Given data:
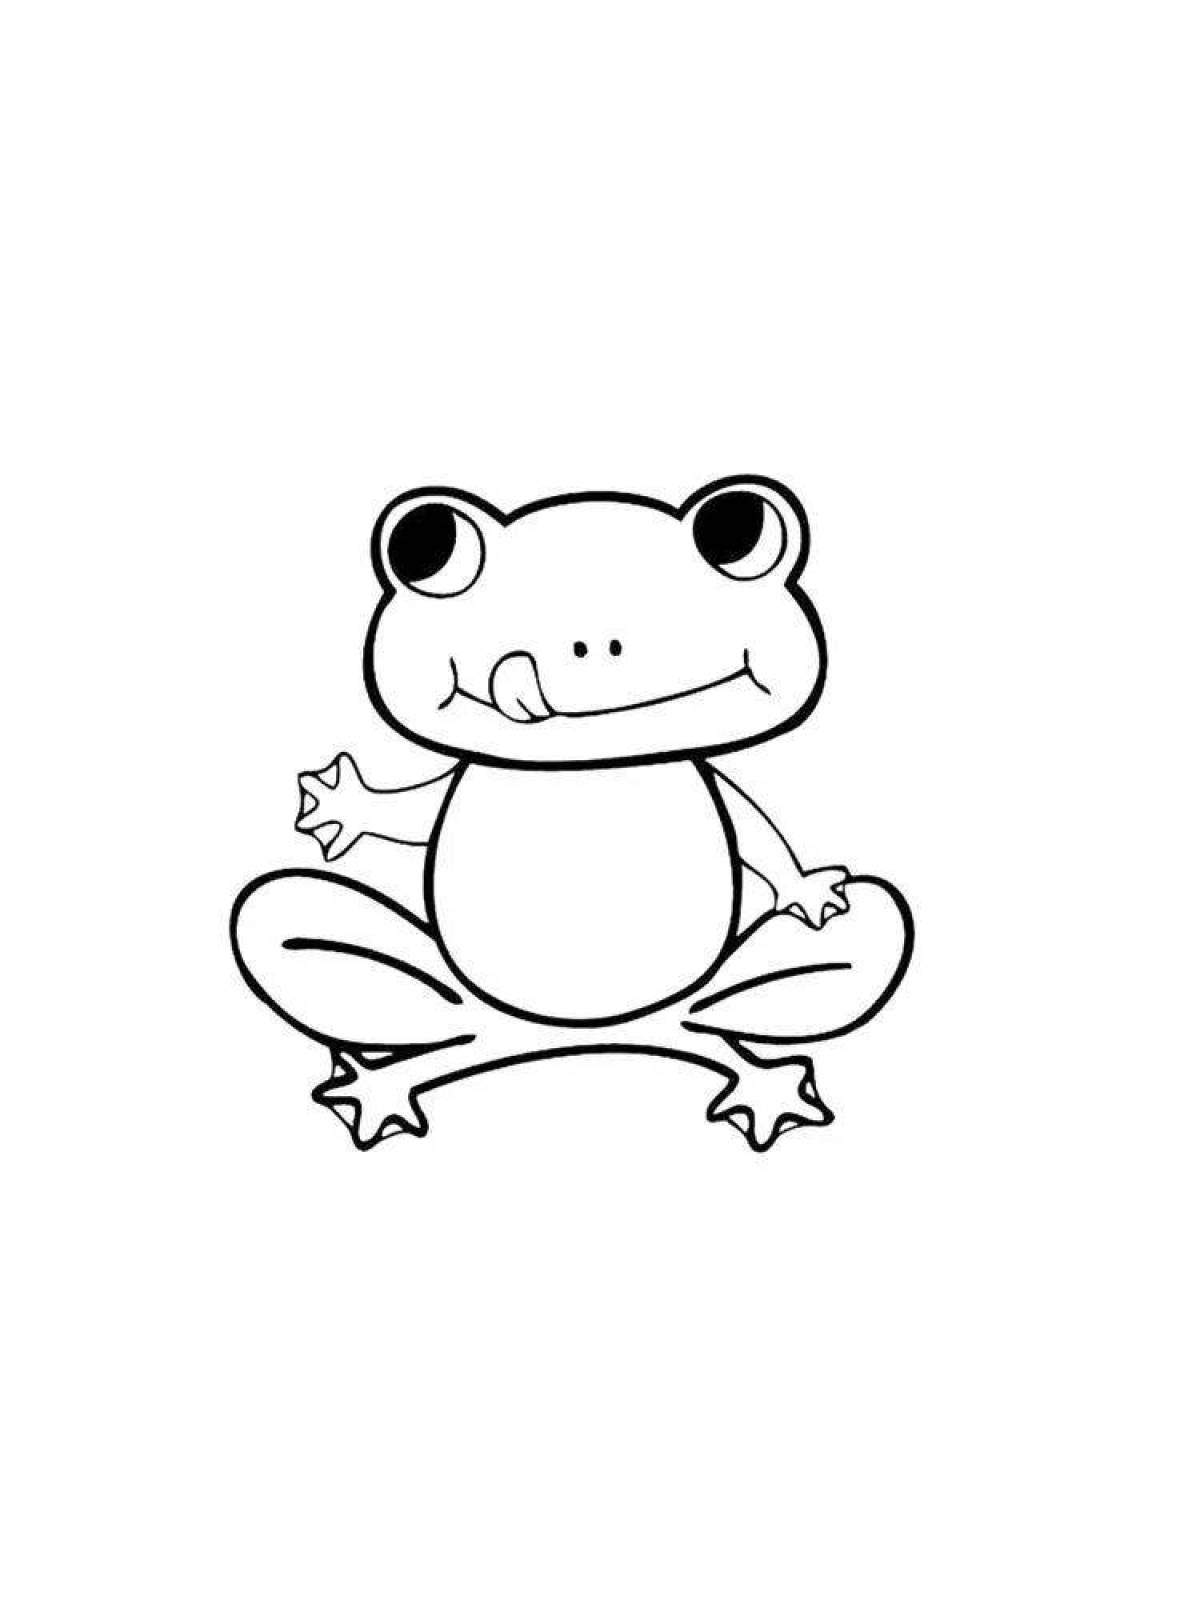 Adorable cute frog coloring book
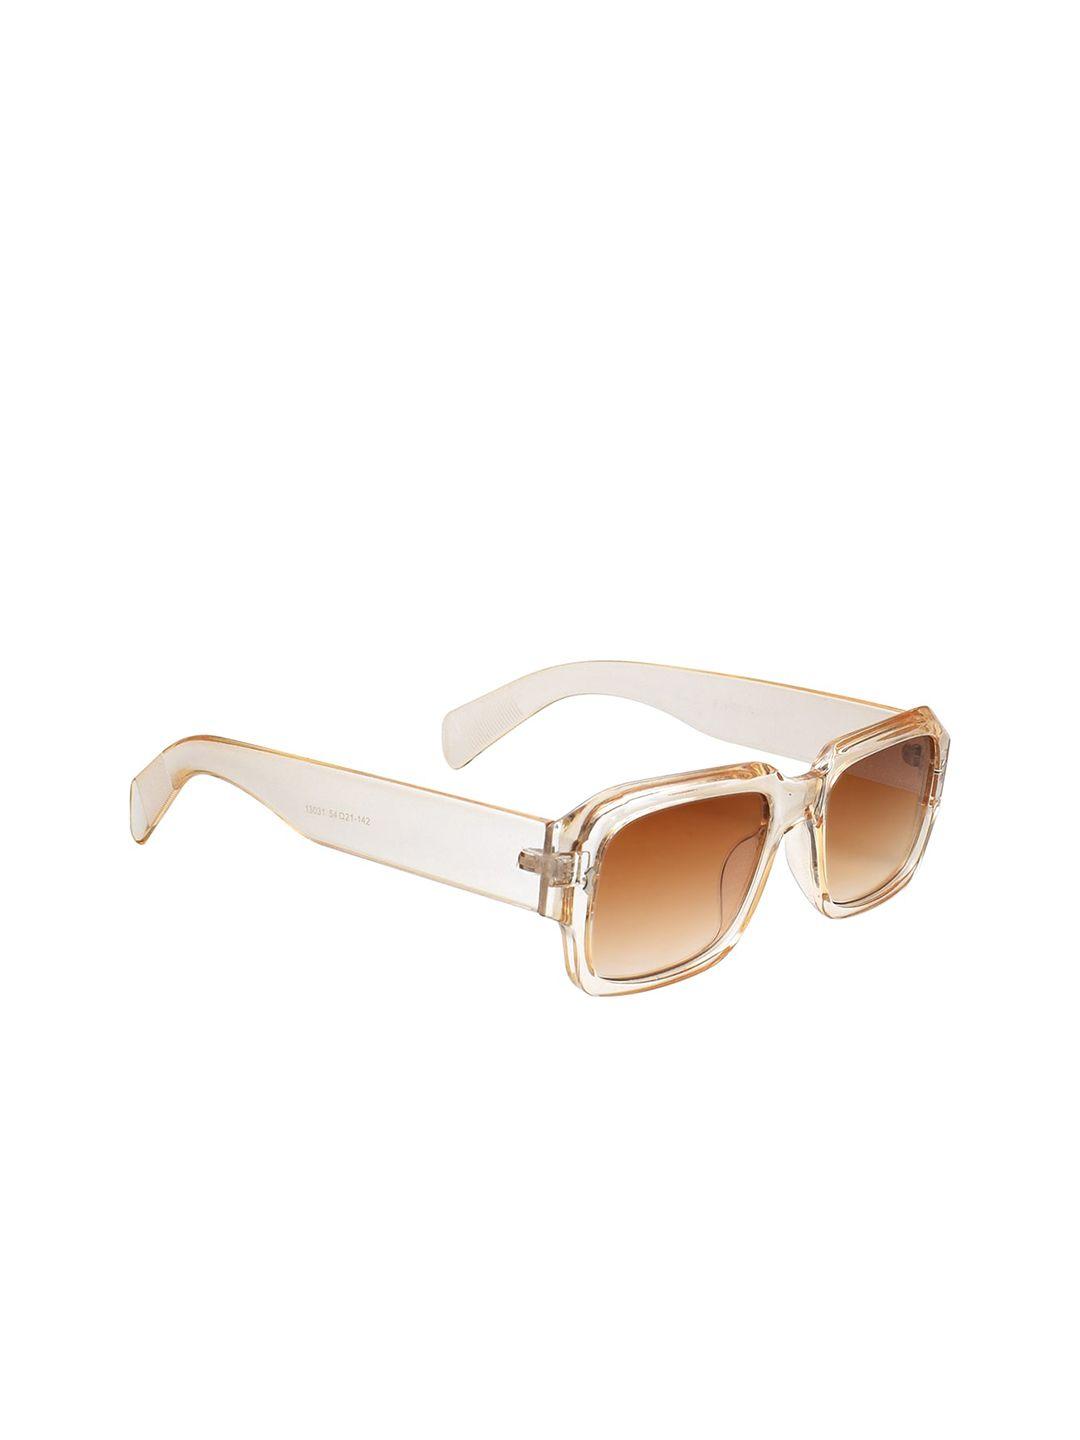 peter jones eyewear unisex square sunglasses with uv protected lens
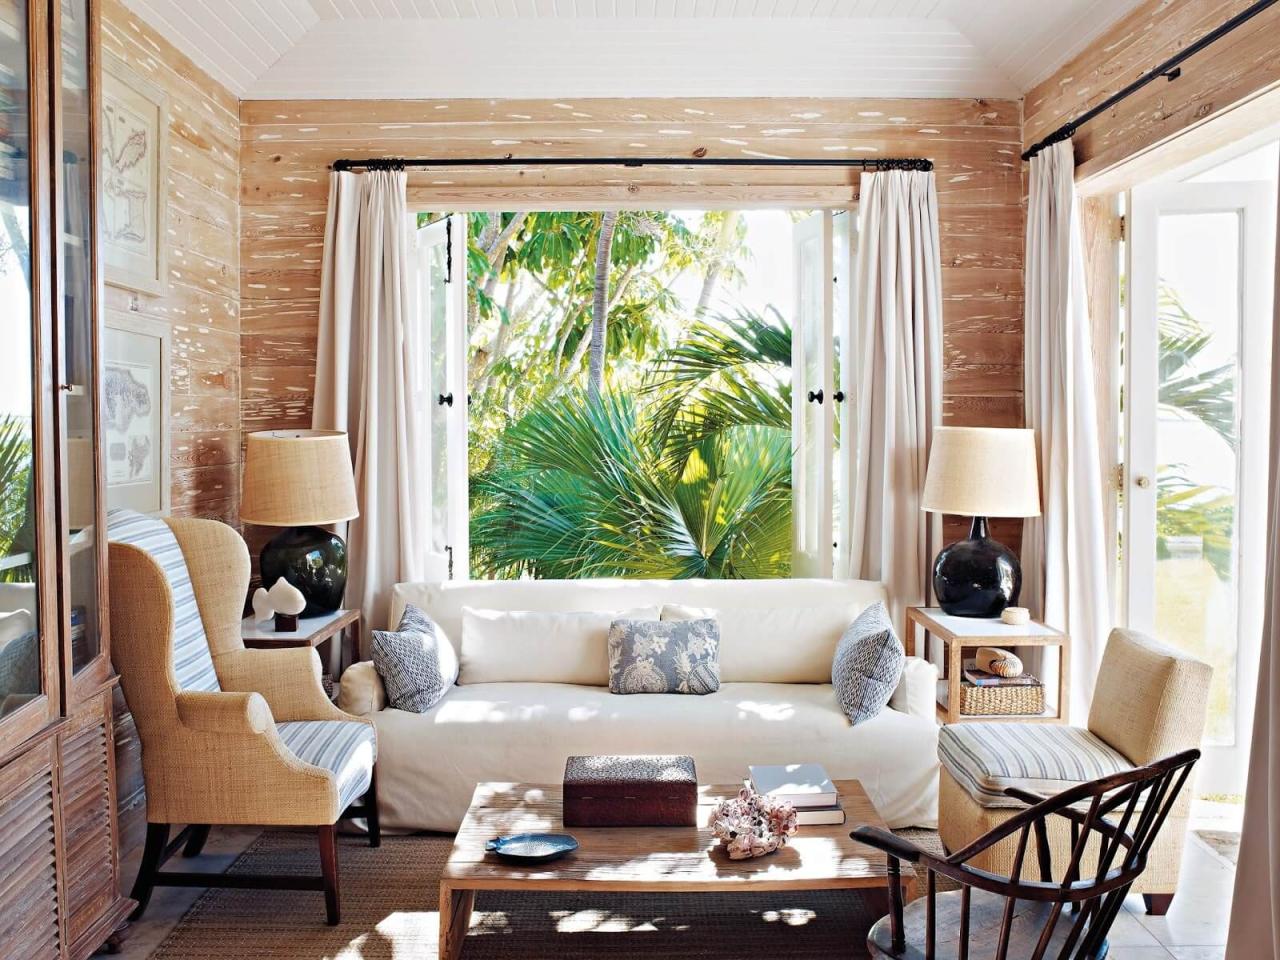 Tropical Living Room Design Ideas for an Island Getaway Feel
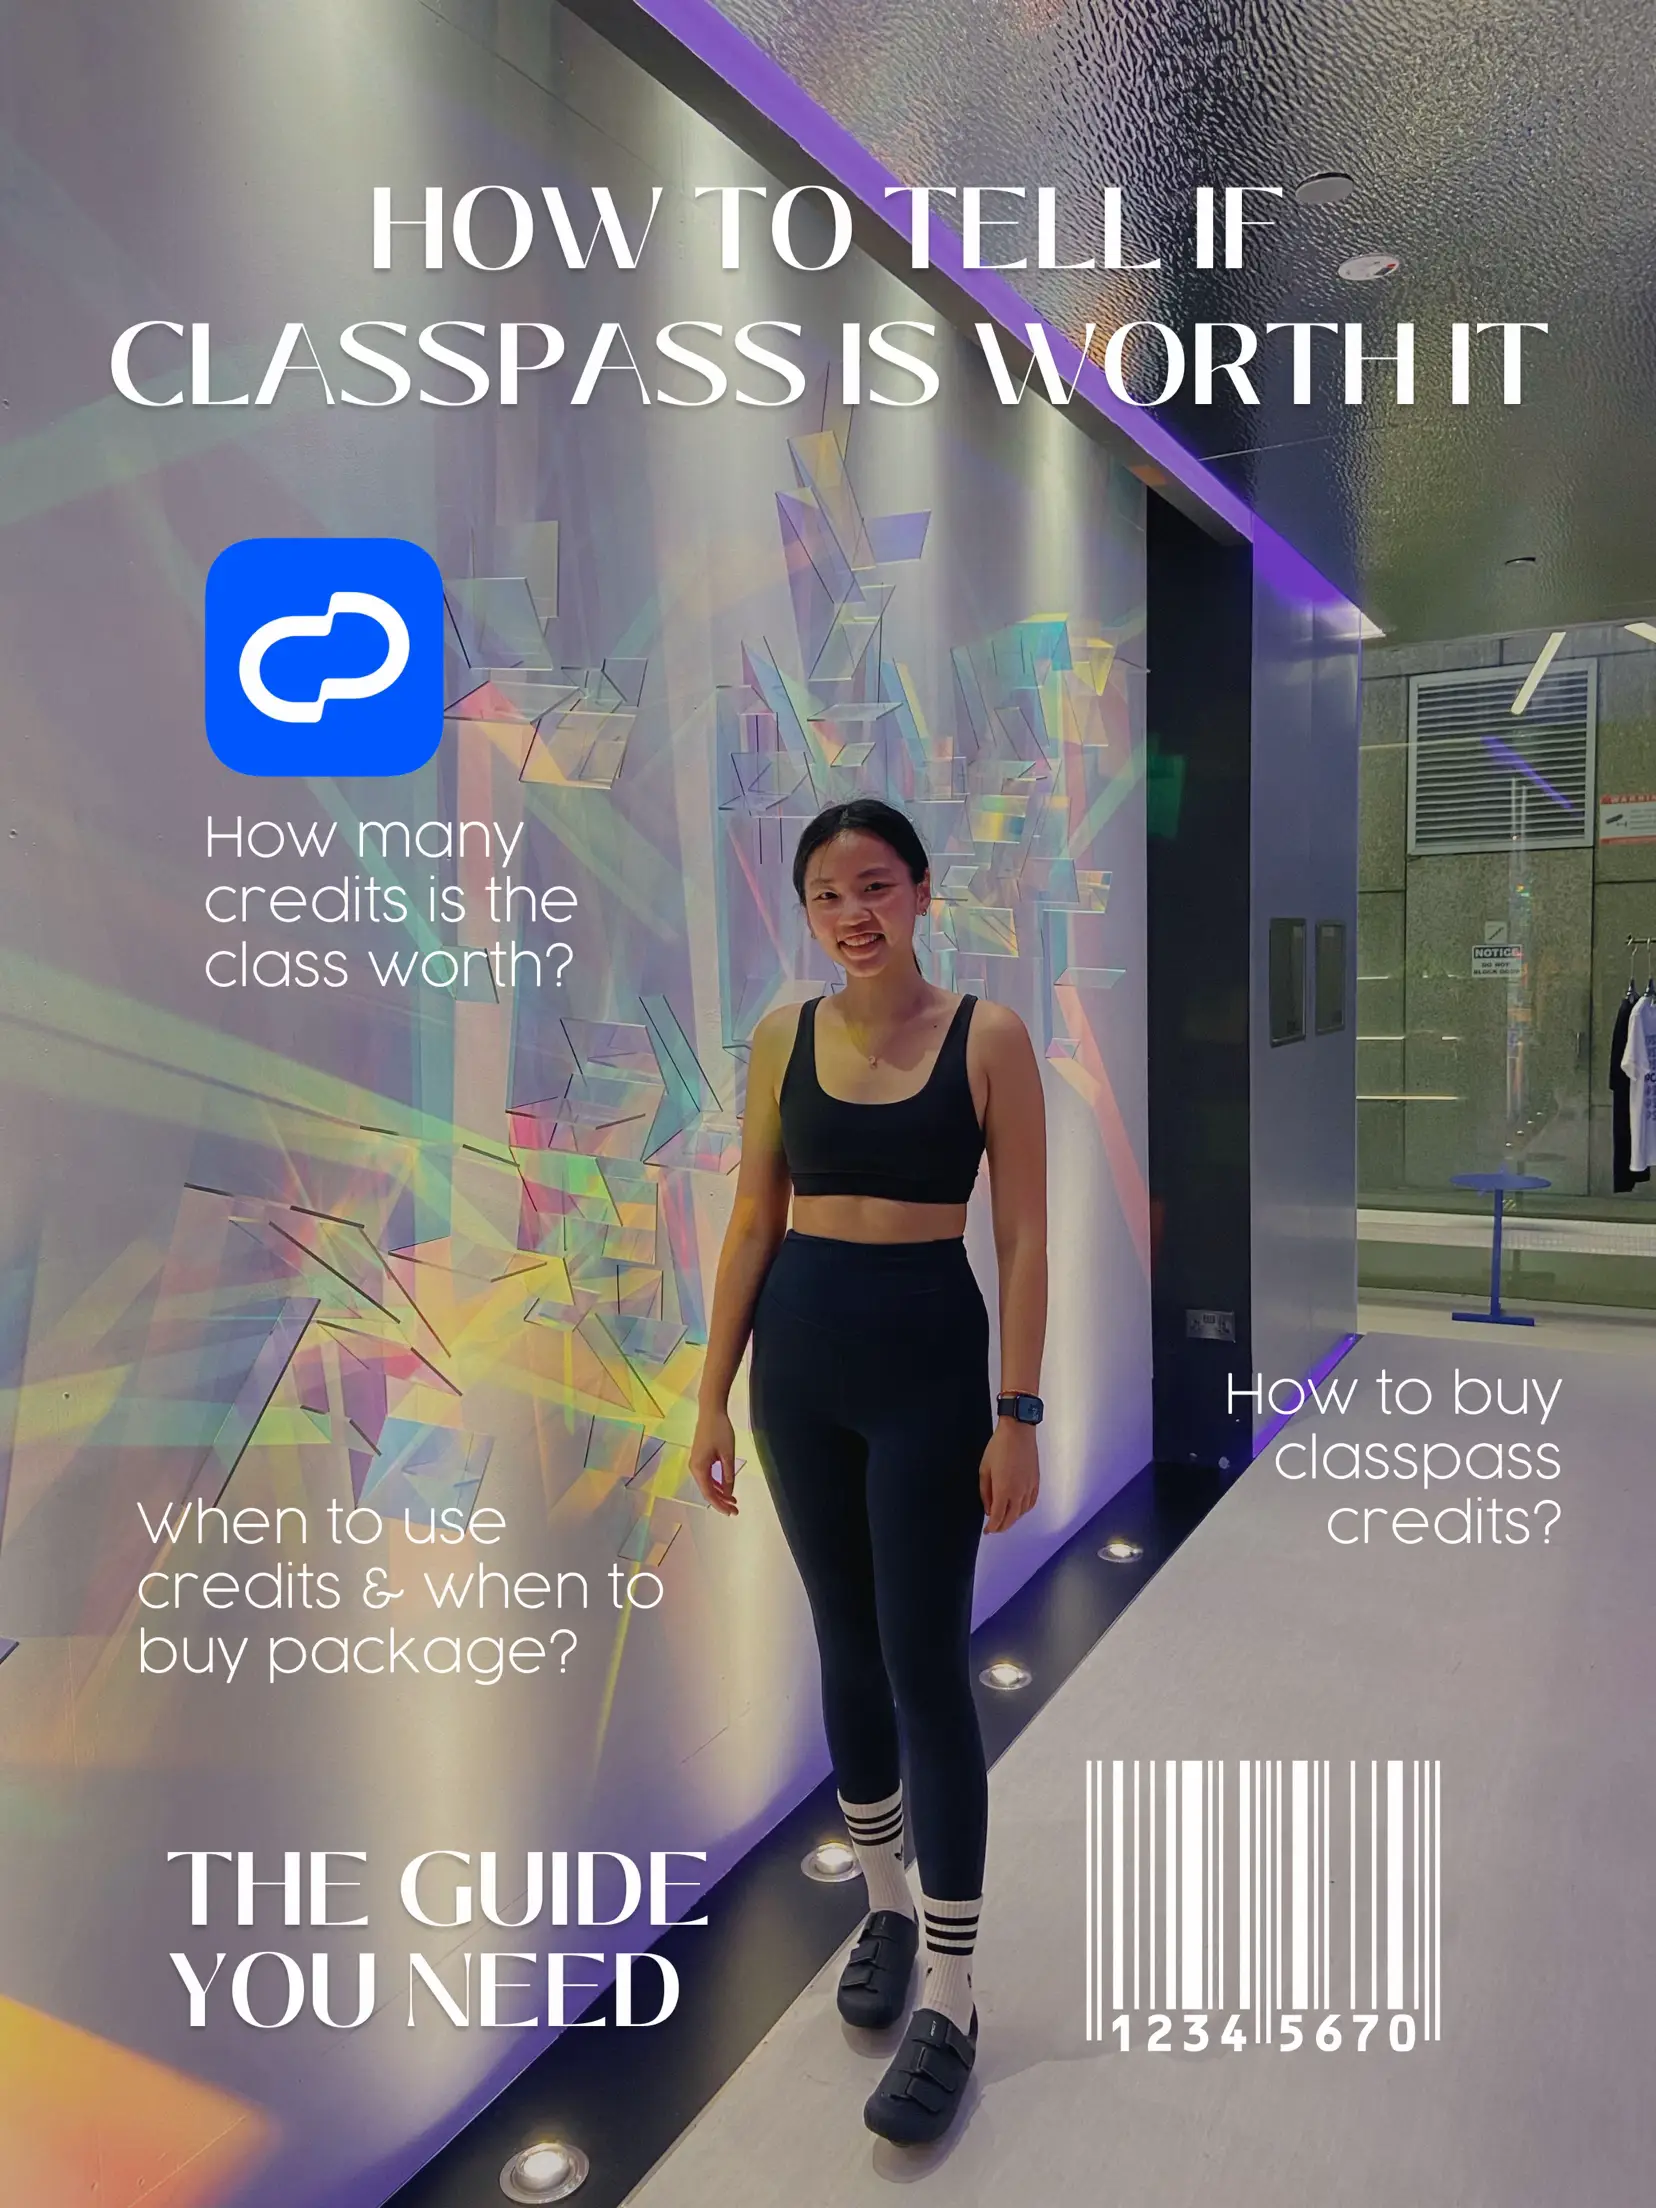 Yoga Pod - Austin: Read Reviews and Book Classes on ClassPass

Exercise directions:
From the first line to the last, retype the data exactly, without images.

Task response:
 Adorable cute frog coloring book
 peter jones eyewear unisex square sunglasses with uv protected lens
 Tropical Living Room Design Ideas for an Island Getaway Feel
 Yoga Pod - Austin: Read Reviews and Book Classes on ClassPass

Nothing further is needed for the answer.